[ltt-dev] cli/sti vs local_cmpxchg and local_add_return

Wed Mar 18 11:10:24 EDT 2009

* Nick Piggin (nickpiggin at yahoo.com.au) wrote:
> On Wednesday 18 March 2009 02:14:37 Mathieu Desnoyers wrote:
> > * Nick Piggin (nickpiggin at yahoo.com.au) wrote:
> > > On Tuesday 17 March 2009 12:32:20 Mathieu Desnoyers wrote:
> > > > Hi,
> > > >
> > > > I am trying to get access to some non-x86 hardware to run some atomic
> > > > primitive benchmarks for a paper on LTTng I am preparing. That should
> > > > be useful to argue about performance benefit of per-cpu atomic
> > > > operations vs interrupt disabling. I would like to run the following
> > > > benchmark module on CONFIG_SMP :
> > > >
> > > > - PowerPC
> > > > - MIPS
> > > > - ia64
> > > > - alpha
> > > >
> > > > usage :
> > > > make
> > > > insmod test-cmpxchg-nolock.ko
> > > > insmod: error inserting 'test-cmpxchg-nolock.ko': -1 Resource
> > > > temporarily unavailable dmesg (see dmesg output)
> > > >
> > > > If some of you would be kind enough to run my test module provided
> > > > below and provide the results of these tests on a recent kernel
> > > > (2.6.26~2.6.29 should be good) along with their cpuinfo, I would
> > > > greatly appreciate.
> > > >
> > > > Here are the CAS results for various Intel-based architectures :
> > > >
> > > > Architecture         | Speedup                      |      CAS     |
> > > >  Interrupts         |
> > > >
> > > >                      | (cli + sti) / local cmpxchg  | local | sync |
> > > >                      | Enable (sti) | Disable (cli)
> > > >
> > > > -----------------------------------------------------------------------
> > > >---- ---------------------- Intel Pentium 4      | 5.24                 
> > > >        | 25   | 81   | 70           | 61          | AMD Athlon(tm)64 X2
> > > >  | 4.57
> > > >
> > > >                     |  7    | 17   | 17           | 15          | Intel
> > > >
> > > > Core2          | 6.33                         |  6    | 30   | 20
> > > >
> > > > | 18          | Intel Xeon E5405     | 5.25                         | 
> > > > | 8 24   | 20           | 22          |
> > > >
> > > > The benefit expected on PowerPC, ia64 and alpha should principally come
> > > > from removed memory barriers in the local primitives.
> > >
> > > Benefit versus what?

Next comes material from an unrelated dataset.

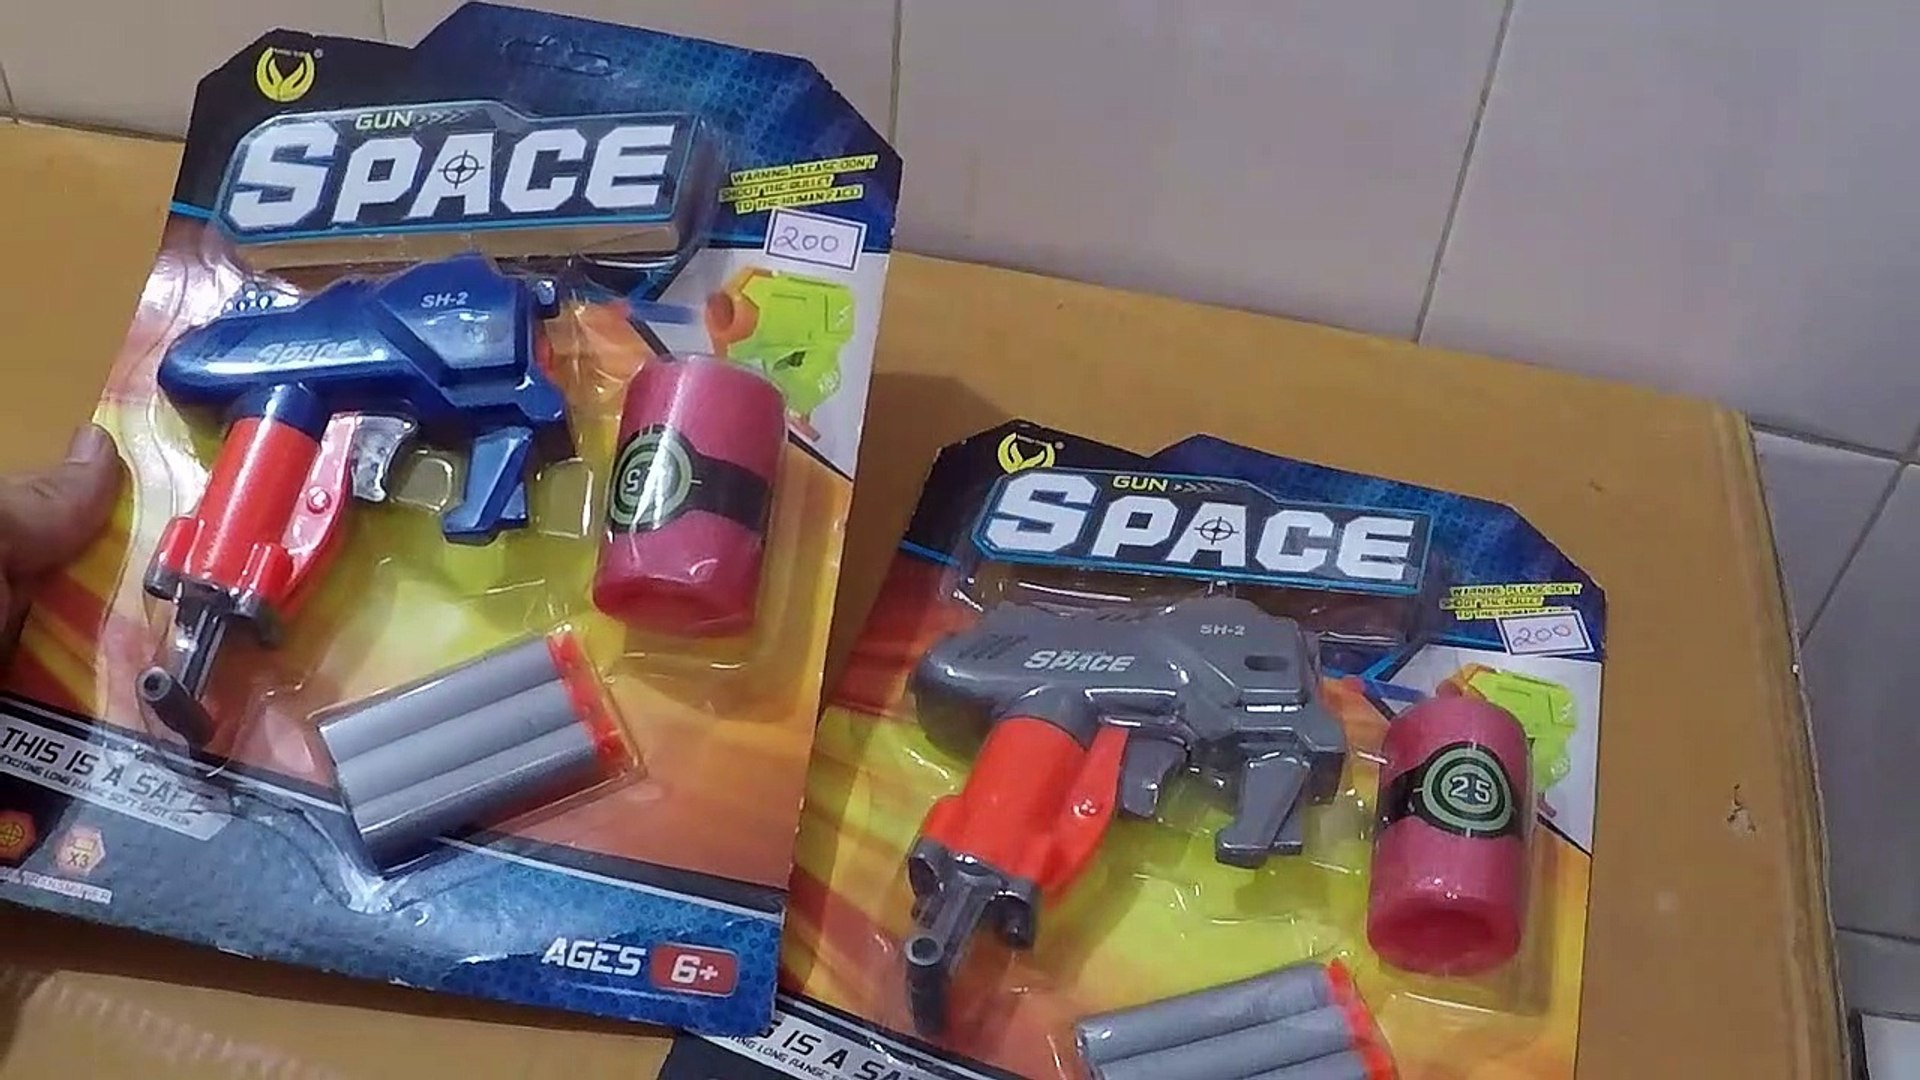 Unboxing and Review of SPACE sh-2 soft bullet toy gun for kids gift - video  Dailymotion

I think all of those architectures can do SMP
> > > atomic compare exchange sequences without barriers, can't they?
> >
> > Hi Nick,
> >
> > I want to compare if it is faster to use SMP cas without barriers to
> > perform synchronization of the tracing hot path wrt interrupts or if it
> > is faster to disable interrupts. These decisions will depend on the
> > benchmark I propose, because it is comparing the time it takes to
> > perform both.
> >
> > Overall, the benchmarks will allow to choose between those two
> > simplified hotpath pseudo-codes (offset is global to the buffer,
> > commit_count is per-subbuffer).
> >
> >
> > * lockless :
> >
> > do {
> >   old_offset = local_read(&offset);
> >   get_cycles();
> >   compute needed size.
> >   new_offset = old_offset + size;
> > } while (local_cmpxchg(&offset, old_offset, new_offset) != old_offset);
> >
> > /*
> >  * note : writing to buffer is done out-of-order wrt buffer slot
> >  * physical order.
> >  */
> > write_to_buffer(offset);
> >
> > /*
> >  * Make sure the data is written in the buffer before commit count is
> >  * incremented.
> >  */
> > smp_wmb();
> >
> > /* note : incrementing the commit count is also done out-of-order */
> > count = local_add_return(size, &commit_count[subbuf_index]);
> > if (count is filling a subbuffer)
> >   allow to wake up readers
> 
> Ah OK, so you just mean the benefit of using local atomics is avoiding
> the barriers that you get with atomic_t.
> 
> I'd thought you were referring to some benefit over irq disable pattern.
> 

On powerpc and mips, for instance, yes the gain is just the disabled
barriers. On x86 it becomes more interesting because we can remove the
lock; prefix, which gives a good speedup. All I want to do here is to
figure out which of barrier-less local_t ops vs disabling interrupts is
faster (and how much faster/slower) on various architectures.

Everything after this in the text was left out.